# Exercise requirements
The copy has to match the data exactly and leave out every picture.

# Information supplied
********************
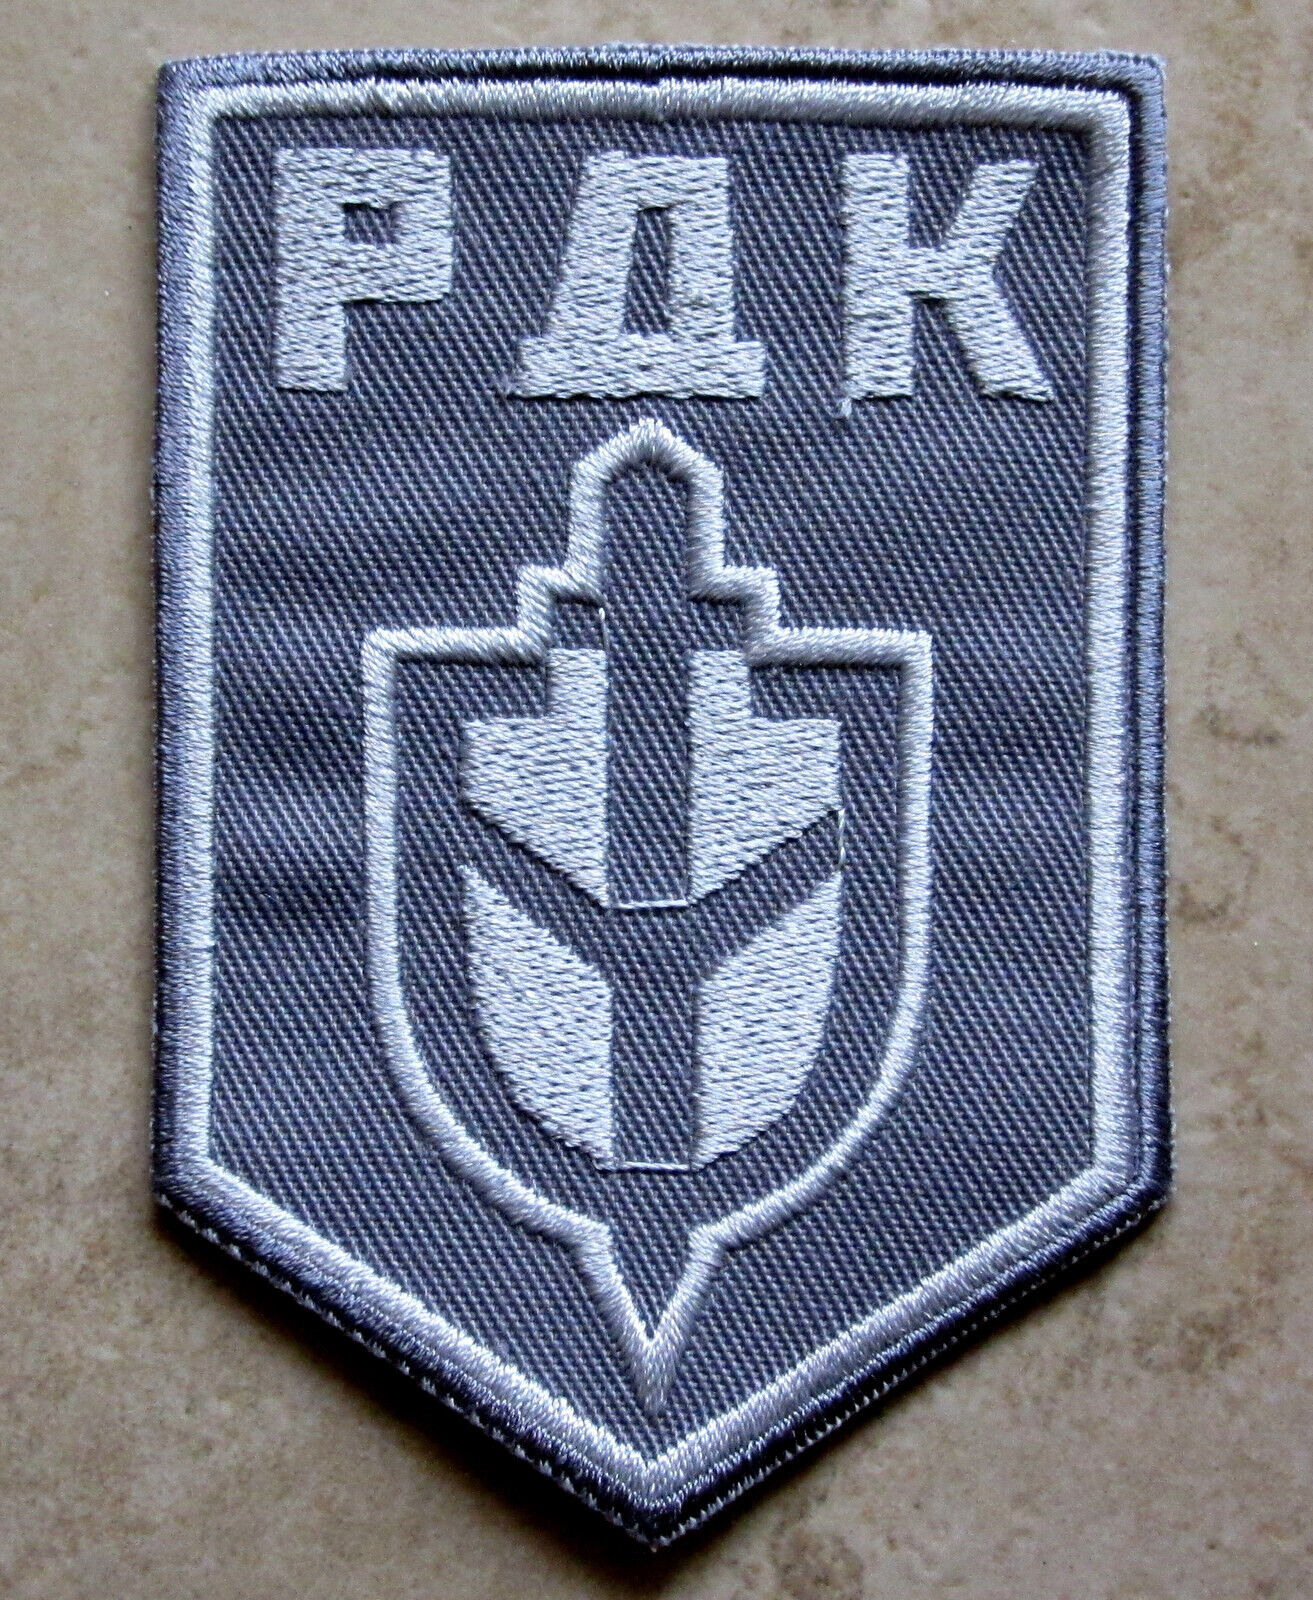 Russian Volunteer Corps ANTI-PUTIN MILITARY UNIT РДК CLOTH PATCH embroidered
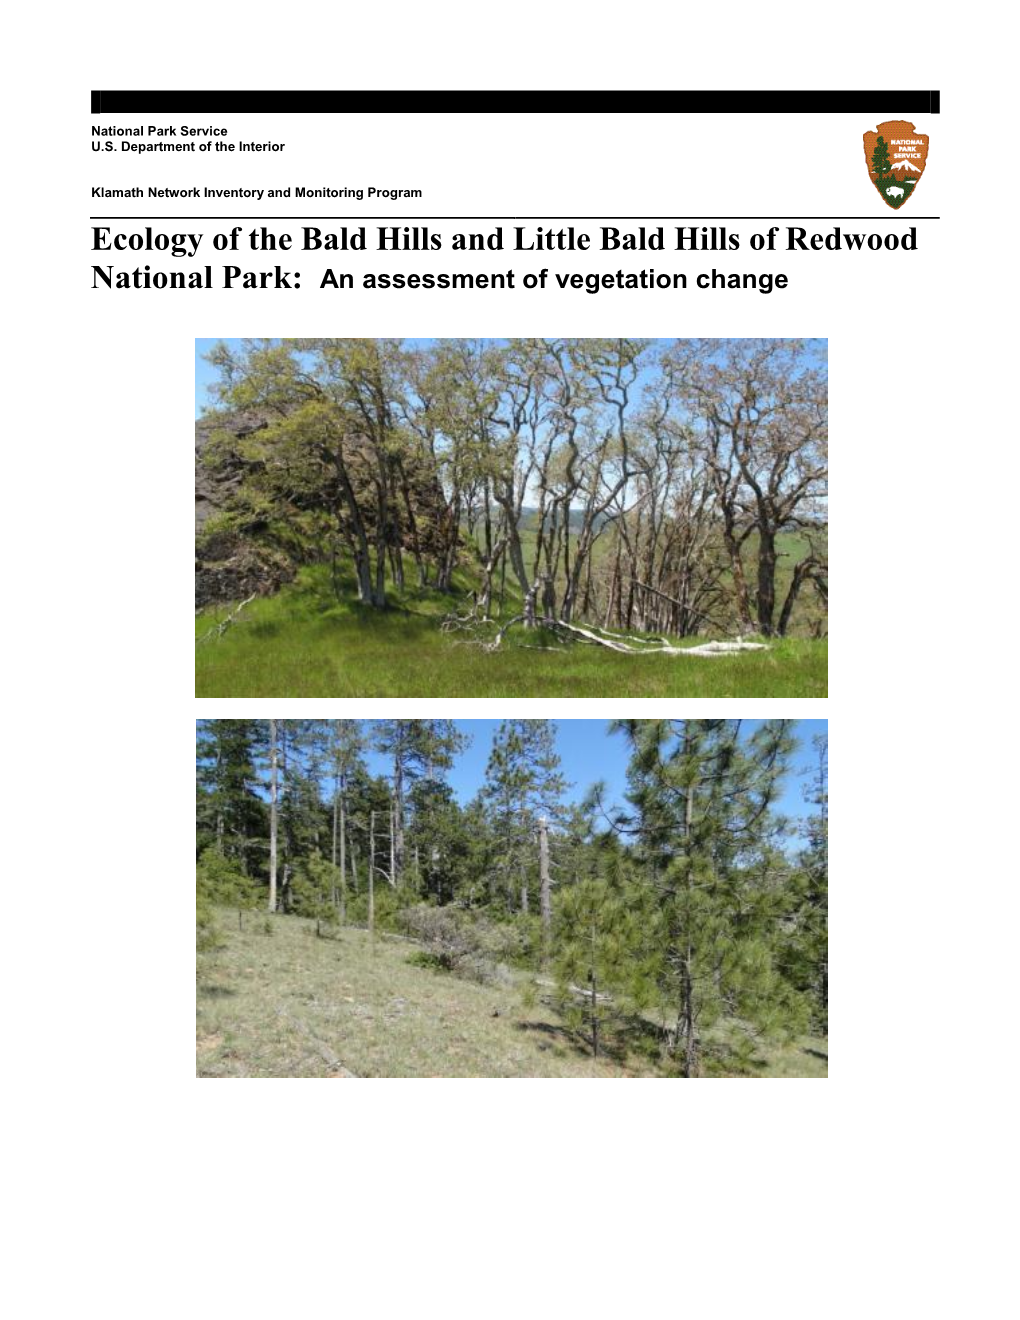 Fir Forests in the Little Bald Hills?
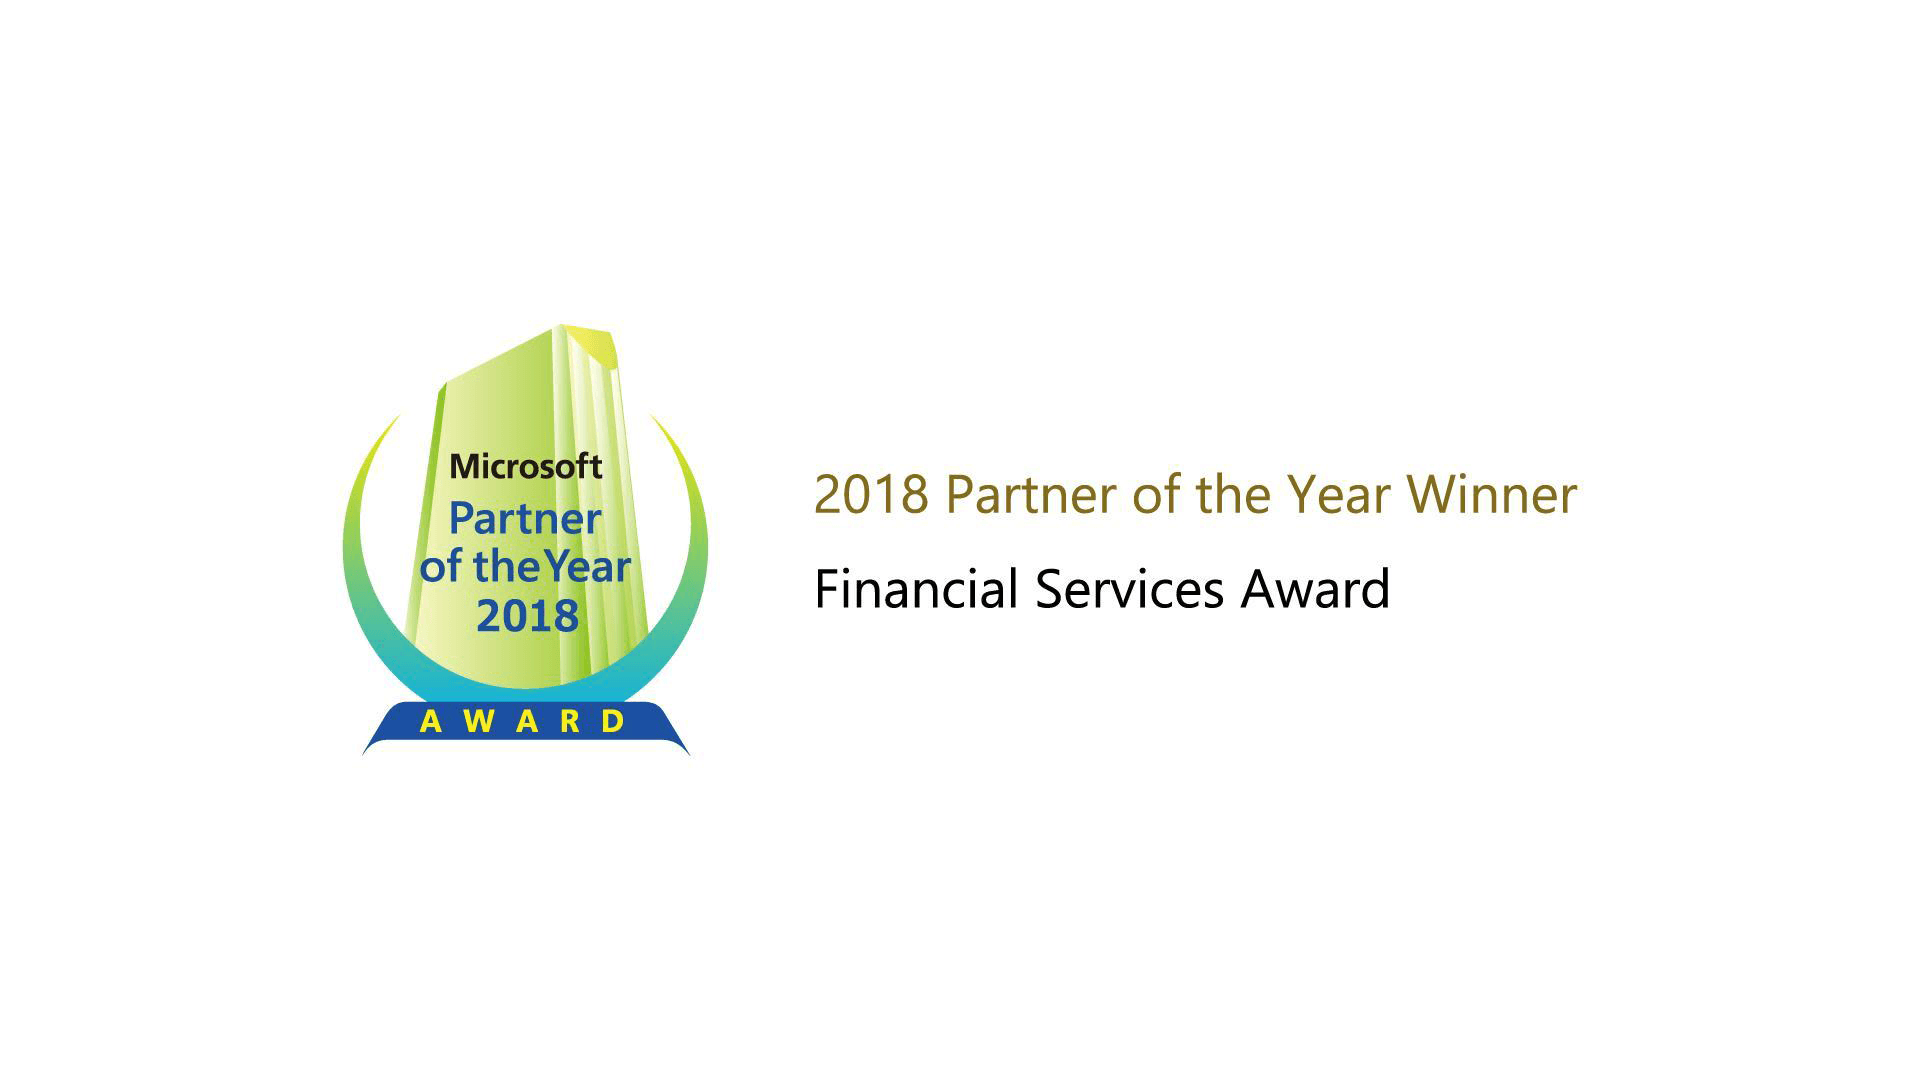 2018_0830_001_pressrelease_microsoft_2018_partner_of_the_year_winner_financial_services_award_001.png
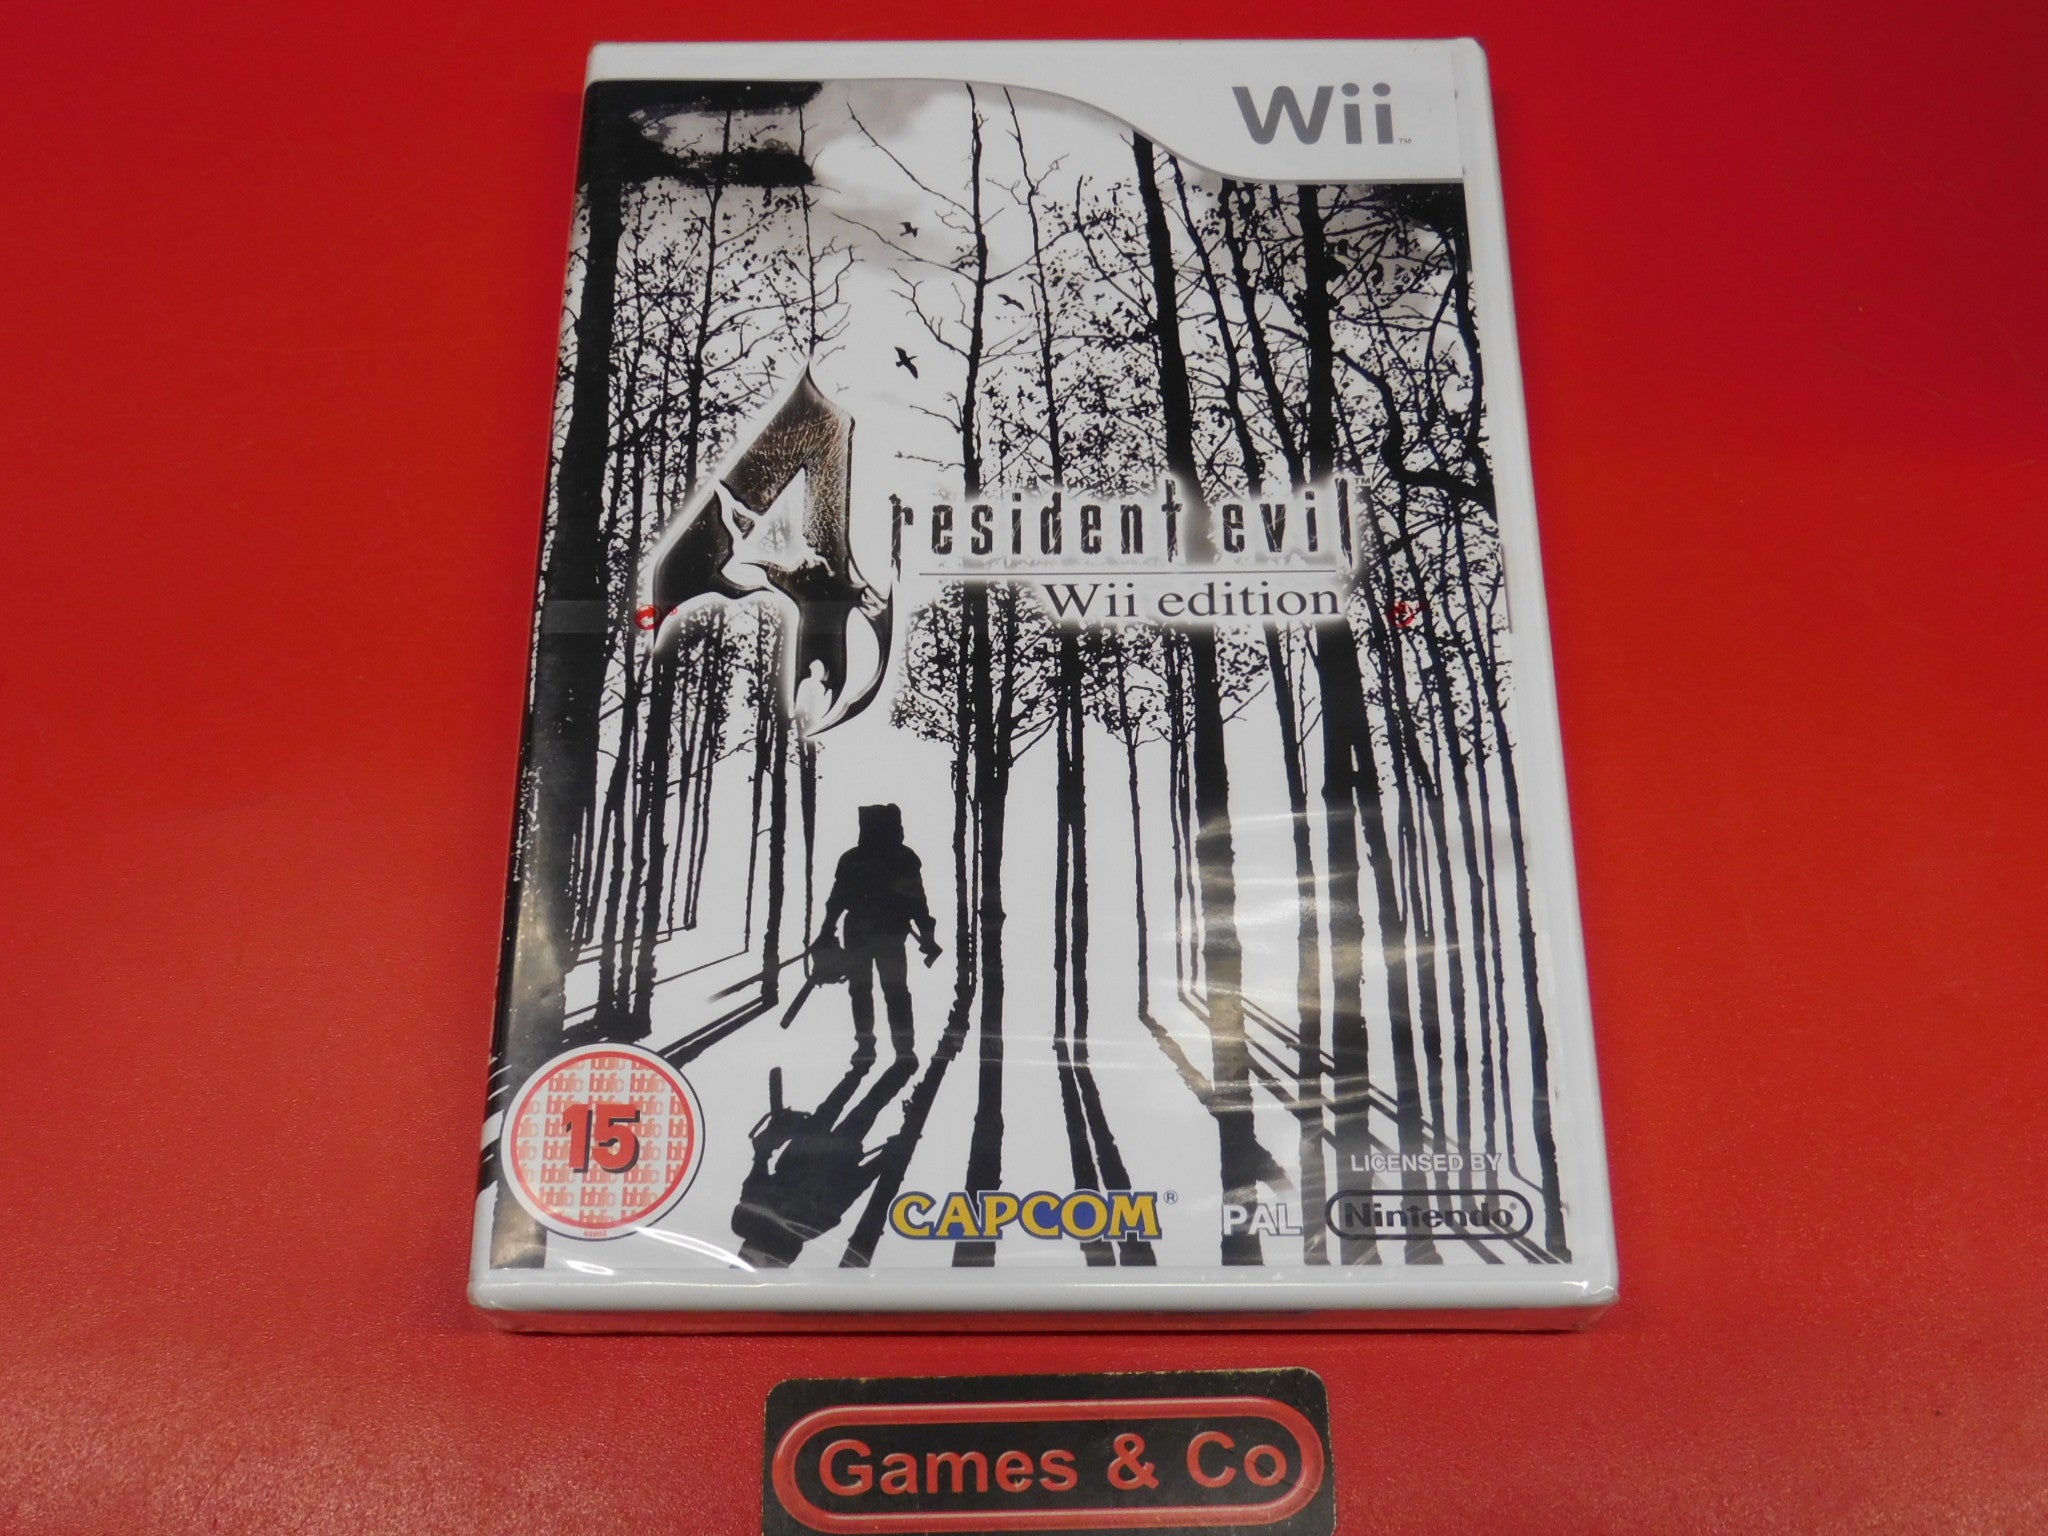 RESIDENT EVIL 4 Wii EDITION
********************
# Result of the exercise
 Russian Volunteer Corps ANTI-PUTIN MILITARY UNIT РДК CLOTH PATCH embroidered
 Fir Forests in the Little Bald Hills?
 2018_0830_001_pressrelease_microsoft_2018_partner_of_the_year_winner_financial_services_award_001.png
 RESIDENT EVIL 4 Wii EDITION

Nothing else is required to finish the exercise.